Immersing our Theology

Every Lutheran pastor has been asked to make an exception and baptize someone by immersion.  LCMS Chaplain Oliver Washington, Jr. is pictured in the May 2010 Lutheran Witness as doing that on page 18.  And what’s the big deal about that?  More than a soldier is being immersed; our theology is.

Every Lutheran pastor has been taught the following:

1) Luther thought immersing was the most fitting way to baptize.

2) The early church baptisteries prove they baptized by immersion.

3) You can’t prove from Scripture that Jesus or anyone else was baptized by immersion.  The Greek word baptize means to apply water somehow.

4) The only people in the Bible that were for sure immersed were the Egyptians.

5) Some faith groups insist that immersion is the only mode of baptizing and deny those not immersed have been baptized.

6) By not immersing, we are testifying both to the fact that we will not have our consciences bound by a manmade law and to the fact that neither the mode nor the amount of water contribute to the validity or efficacy of Baptism.

Every Lutheran pastor has been asked by someone to make an exception and baptize them or a child by immersion.  The reasoning is always that it is more Biblical (wrong) and/or more fitting.  When I’ve admitted, with Luther, that it is more fitting sign, they have without fail said that they meant it was more of a baptism.  I have never made the exception.  Why?  Because to do so would baptize the error that the mode or amount of water somehow contributes to what Baptism is or does.  Second, it could cause others who have “only been sprinkled” to doubt if their Baptism was enough.

Let’s give Chaplain Washington a pass here.  The photo says the Baptism took place in Iraq.  Perhaps this soldier was about to go out on a combat patrol.  Perhaps no matter how hard and well the good chaplain catechized the solider he couldn’t be disabused from the notion that the only fitting way to be baptized was by immersion.  Given such a situation I can believe that I too would immerse the solider.  However, by publishing the picture The Lutheran Witness has immersed our theology.
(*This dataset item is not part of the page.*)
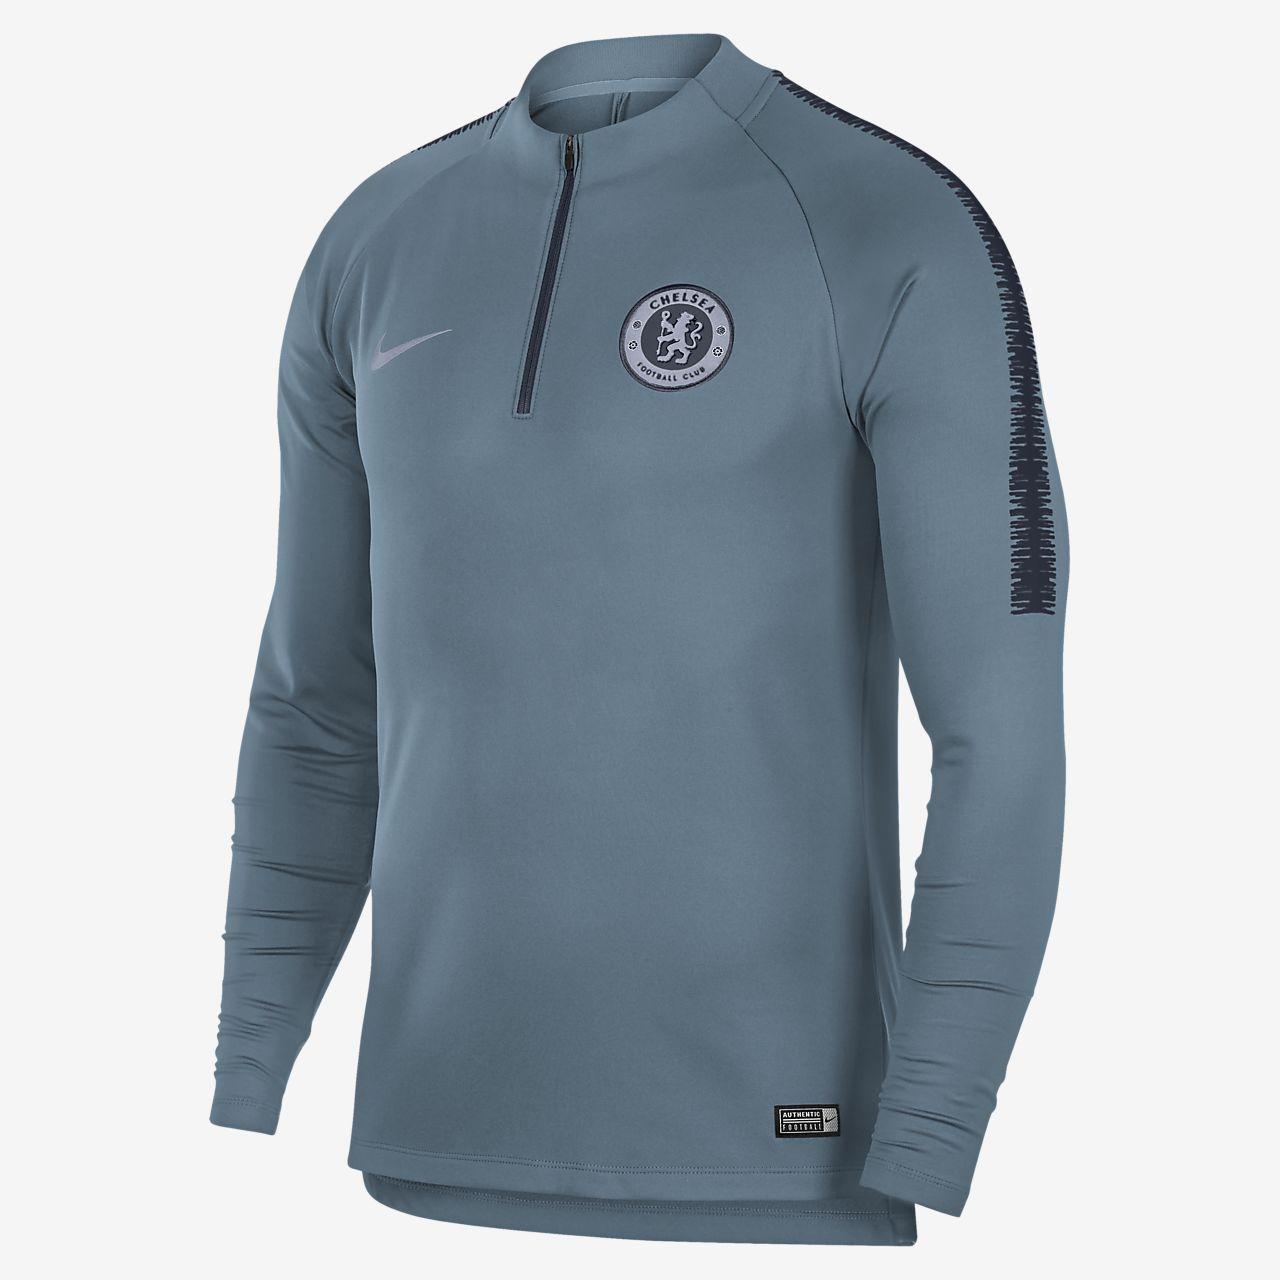 8bdc966cec Chelsea FC Dri-FIT Squad Drill Men s Long-Sleeve Football Top. Nike ...

Isn’t that how it always is?  You identify one threat only to be surprised by another.  I thought our confessional theology was only endangered by the fires of Ablaze! Now the waters are rising against us.

About Paul Harris

Pastor Harris retired from congregational ministry after 40 years in office on 31 December 2023. He is now devoting himself to being a husband, father, and grandfather. He still thinks cenobitic monasticism is overrated and cave dwelling under.